For years, the state employer system has been the subject of criticism from human rights organizations and labor law specialists.
MIAMI, United States. – The Cuban Government announced that foreign companies based on the Island will be able to decide whether to hire their workers directly or continue to do so through traditional state employers, a partial modification of the labor scheme that has governed foreign investment for decades.
The announcement was made this Tuesday by the Deputy Prime Minister and Minister of Foreign Trade and Foreign Investment, Óscar Pérez-Oliva, during the VIII Investment Forum of the Havana International Fair (FIHAV 2025), according to the Cuban News Agency (ACN).
Pérez-Oliva described the measure as an “important element of flexibility” for investors, explaining that, after the personnel selection process that today remains in the hands of the state employing entity, it will be the foreign company that will decide whether the contract is made directly or the current method is maintained, in which the formal link passes through the employer.
According to the ACN, “the employing entity may participate in the selection of personnel,” while “the final hiring decision will be made by the investor,” either directly or through that state company.
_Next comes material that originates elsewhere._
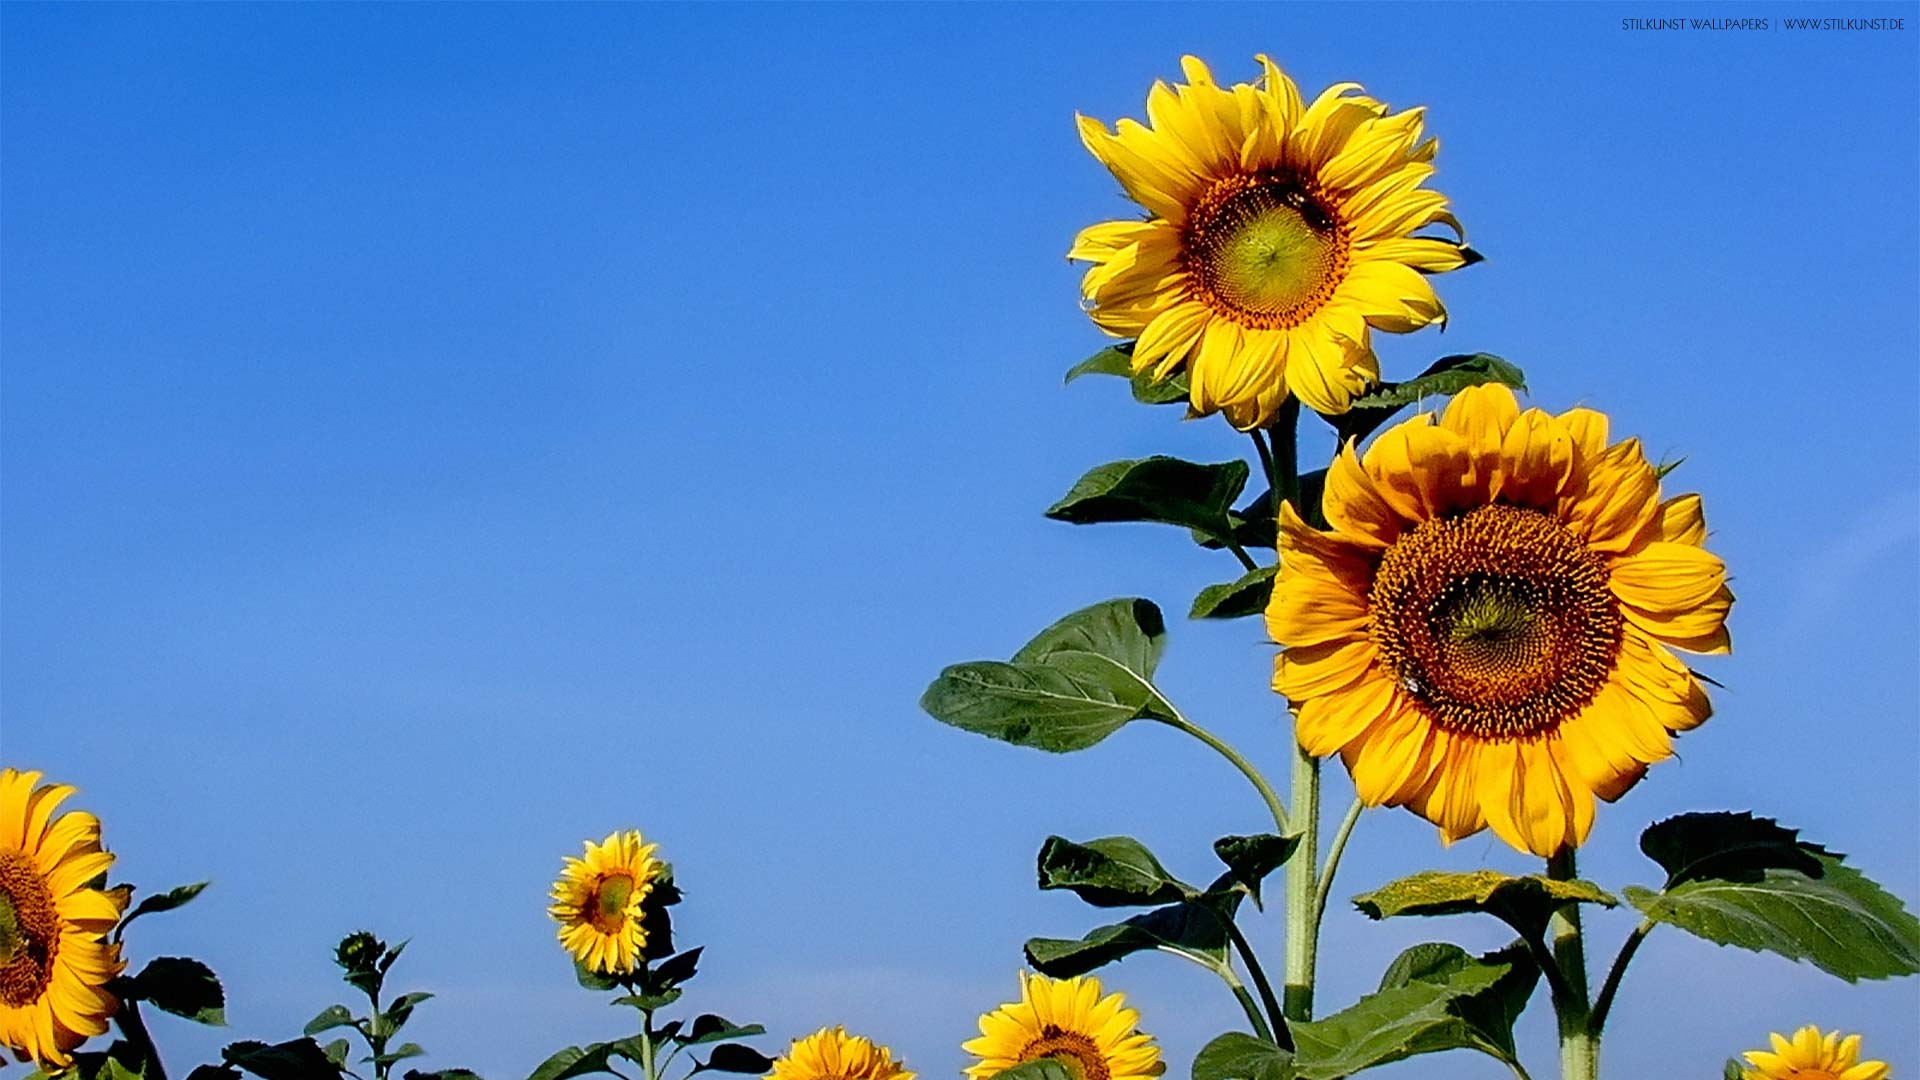 Sonnenblumen auf dem Feld | 1920 x 1080px | Bild: ©by Sabrina | Reiner | www.stilkunst.de | Lizenz: CC BY-SA

The authorities presented the change as part of a broader package of decisions to “make more flexible and streamline” foreign investment in Cuba, which would include a new financial scheme to operate in national currency and foreign currencies, shorter deadlines for approving businesses and additional operational facilities.
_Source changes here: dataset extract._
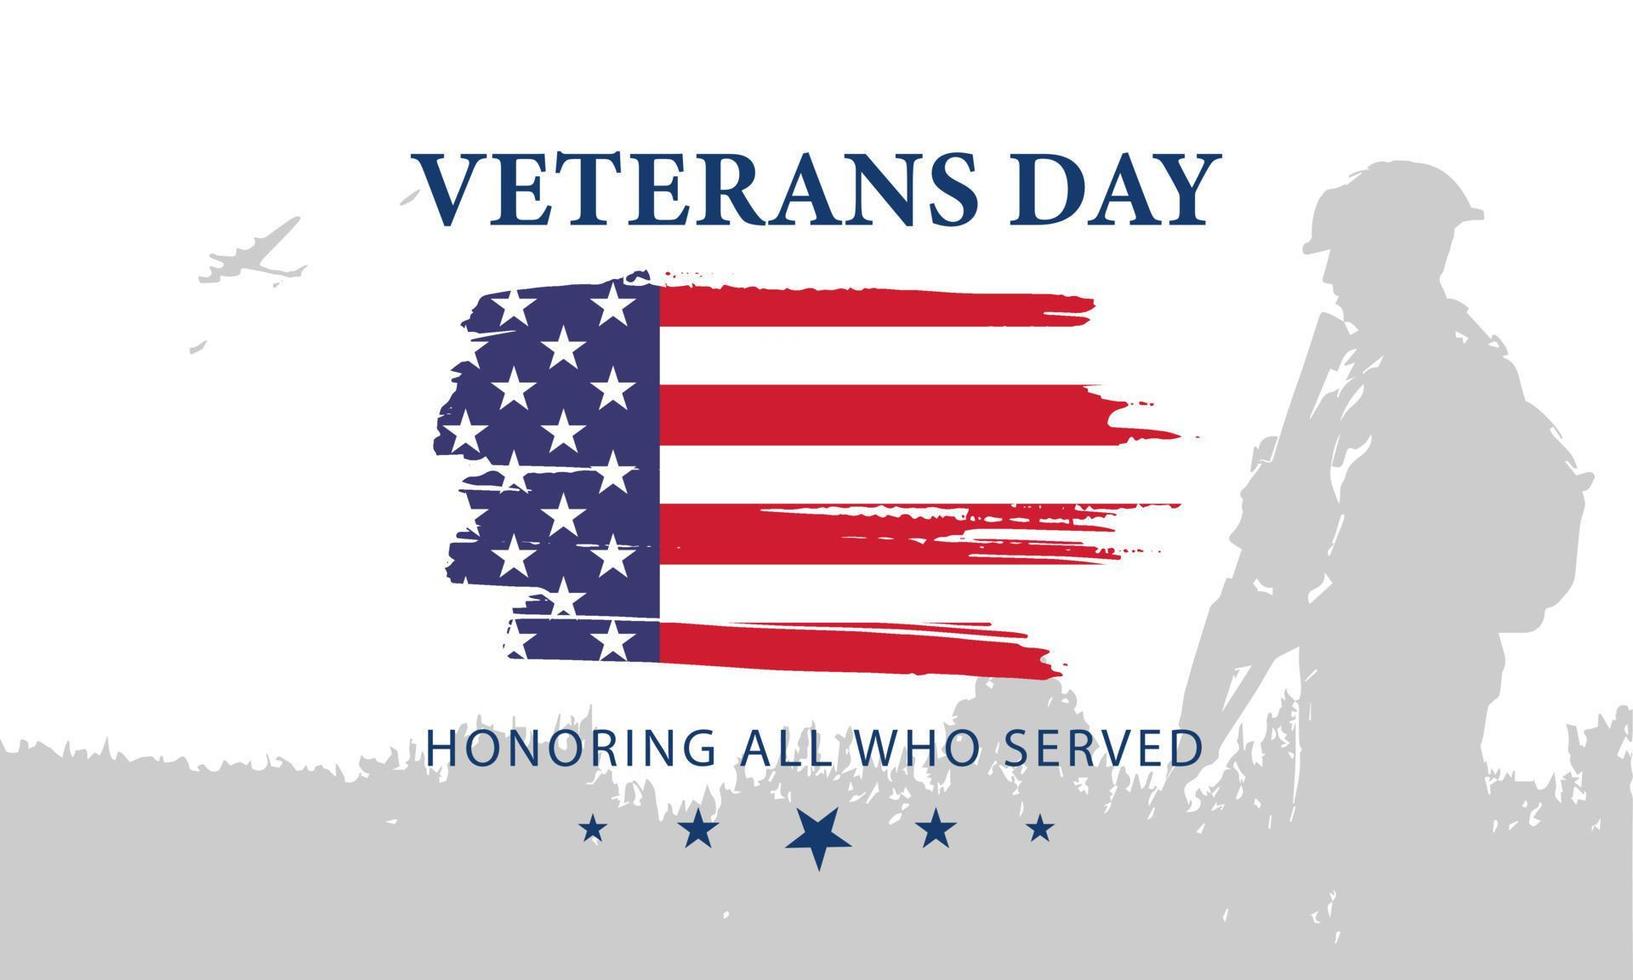 cartel del día del veterano honrando a todos los que sirvieron. ilustración del día de los veteranos con bandera americana y soldados vector

Pérez-Oliva assured that the objective of the specific labor reform is to provide foreign capital companies with “more flexibility”, reduce high personnel turnover and “protect qualified human resources”, a recurring problem in a context of strong labor emigration.
However, the Government did not specify from what date the new hiring scheme will come into force. The EFE agency points out that Pérez-Oliva limited himself to stating that the changes will be implemented through “several decrees”, while the official press talks about a new norm that will replace the Decree 325 —regulations of the Foreign Investment Law 118— and the updating of other Ministry resolutions.
The ACN adds that “in the coming days the regulations that support them will be announced”, without detailing specific deadlines or the final legal content.
Until now, the general rule for businesses with foreign capital in Cuba has been indirect contracting. The Foreign Investment Law 118 and its complementary regulations establish that the investor pays in foreign currency to a state employer company, which in turn signs the employment contract with the Cuban and pays him his salary in Cuban pesos (CUP), even when the salary negotiation with the foreign company is agreed in a hard currency.
In 2020, the Central Bank of Cuba insisted in which “employees will receive 100% of their salary in Cuban pesos,” even in businesses with foreign capital, based on salary levels agreed upon between the company and the employer.
The new announcement does not explicitly modify that principle. According to the ACN, the “significant novelty” focuses on the “hiring and remuneration of the workforce,” but what is introduced is the possibility that, after the intervention of the state employer in the selection, the subsequent contract can be direct between the investor and the worker, and that “bonuses in foreign currency” are paid out of profits, through bank payments, as long as the company generates external income.
Neither the ACN nor the state newspaper Workers They clarify whether the basic salary will no longer be set and paid in CUP, nor if companies will continue to pay the employer in foreign currency so that it can convert that money into national currency, as is the case today.
For years, the state employer system has been the subject of criticism from human rights organizations and labor law specialists, who consider it a mechanism of political and economic control over workers in the sector with foreign capital.
Human Rights Watch has pointed out that, under current legislation, foreign companies can only hire Cuban personnel through agencies controlled by the State, which leaves the selection of employees in the hands of the authorities and conditions their freedom of association.
Meanwhile, the Inter-American Commission on Human Rights, in a 2023 reportdescribed these entities as mandatory intermediaries in strategic sectors—including construction and technical services—with strong decision-making capacity over working conditions.
The announced reform is presented, therefore, as a partial change in a model that has allowed the State to appropriate a significant part of the real salary paid by investors. Academic research on the Law 118 point out that, in practice, the foreigner delivers the salary in foreign currency to the employer and the latter pays the worker in CUP, while retaining a margin that can be considerable, especially when artificial exchange rates are applied in areas such as Mariel.
Despite the potential significance for hundreds of thousands of workers linked to foreign investment, the authorities have not provided details on key aspects: how candidates will be chosen in practice, whether the “participation” of employers in the selection will continue to be decisive, what real margin companies will have to set salaries, and whether the reform will alter the restrictions that weigh on independent union organization in the sector.